Review | Syndicate
Imagine a world with skyscrapers as far as the eye can see, you start walking towards the skyline only to be faced with an imaginary wall restricting you from reaching the skyline short of only lets say 20. Or better yet, say you go out and buy a model(car,plane, gundam,mech, etc..) and you finish only to be left wanting more due to your high expectations for the finished end result, that is how I feel about Syndicate.

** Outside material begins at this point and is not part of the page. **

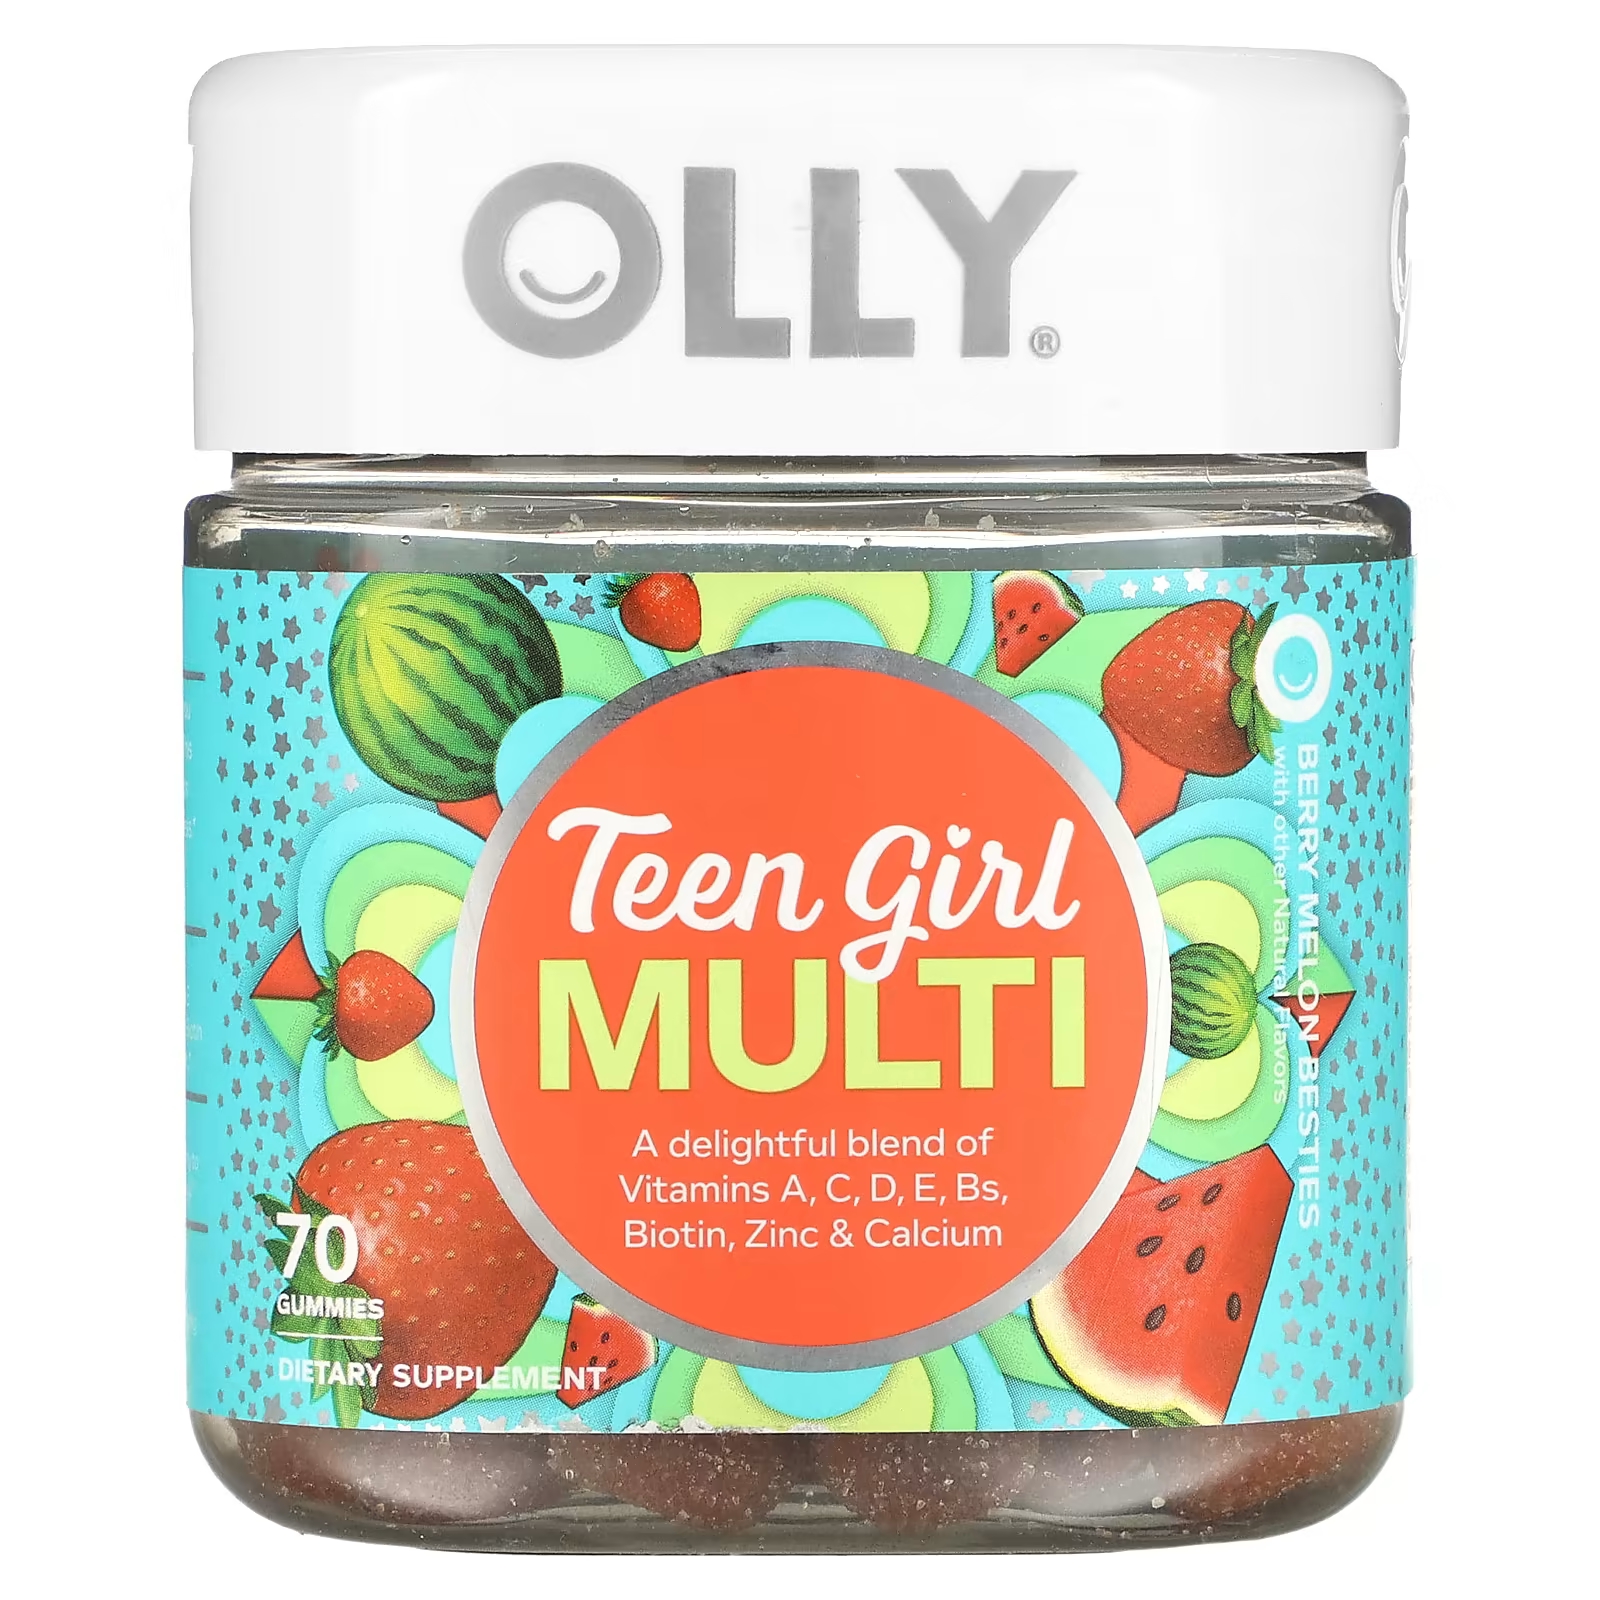 Пищевая добавка Olly Besties с ягодами и дыней, 70 жевательных конфет olly teen girl multi berry melon besties 70 жевательных таблеток

In the distant future with it’s tall skyscrapers Syndicate features a world where iPhones are are a thing of the past, and ordering something off of Amazon is just a thought away. In this neo-future world, wifi isn’t done only done machine to machine, it’s done persone to machine, thanks to the new Dart chips everyone has, the highest bio-tech available. This futuristic Neuro-Chip(Brain chip) is what makes this tech savvy world tick. Much like the tech rivialry between Microsoft, Apple, and Google, Syndicates are the biggest and best in creating this ever evolving hardware. Unlike those holesome companies these cybernetic tech manufactures have squads of hitmen on payroll. Which is where you come in.
In Syndicate, you play as Miles kilo, who is an Agent working for Eurocorp, one of the companies producing the dart chip. You are the Bionic man, jump over tall chest high walls, slide on the the floor, and above all hack peoples minds, or “breaching”. While cool at first, breaching seems to widdle down to turning an enimeie into a variton of a human grenade, short term side kick, and rookie whose guns explodes. While all offer a different approach to sitiuations, there doesn’t seem enough of a difference bewteen them that would warrent to use them in specific situations and are pretty interchangable.
Throughout his travels as a Eurocorp agent, Kilo will visit New York, Los Angeles, the Atlantic Ocean, and the New York slums. While Kilo does seem to do a bit of taveling, the different locations don’t really seem all that different from eachother. With a few execptions, the rest of this futuristic world seems to have been sponsored by Clorox. All the enviorments seem to have been bleached clean, leaving very monitone levels that don’t have any sense of charachter to them.
The combat in Syndicate is above par which isn’t too bad. Most of the guns you find in the game have some sort of secondary fire which adds a bit of variety. While fighting you are only allowed to carry two guns at any time, which holds back gameplay as you can find a overpowing gun at the start of a level, in some cases a gatling gun and carry it with you troughout the level, making the player feel a lesser sense of satisfaction when beating a boss or room full of bad guys(or fish in a barrel) depending on what kind of arsenal is in your possesion.
Syndicate’s plot doesn’t really show alot of enthusiasm. In the begining it starts of great by introducing Kilo and his band of co-workers, then the game feels abit incomlete after the intial introduction of everyone as they start to become distant, thus not allowing the players to make get a any kind of connection with them. Even playing as Kilo I couldn’t really feel any kind of connection with his character, he didn’t say a single word through out the entire game. The closest thing players get to understanding what Kilo is going through are the fortune cookie-eque statements that pop up between completion of levels, that i can only assume are coming from someone with multi-core processor in their head.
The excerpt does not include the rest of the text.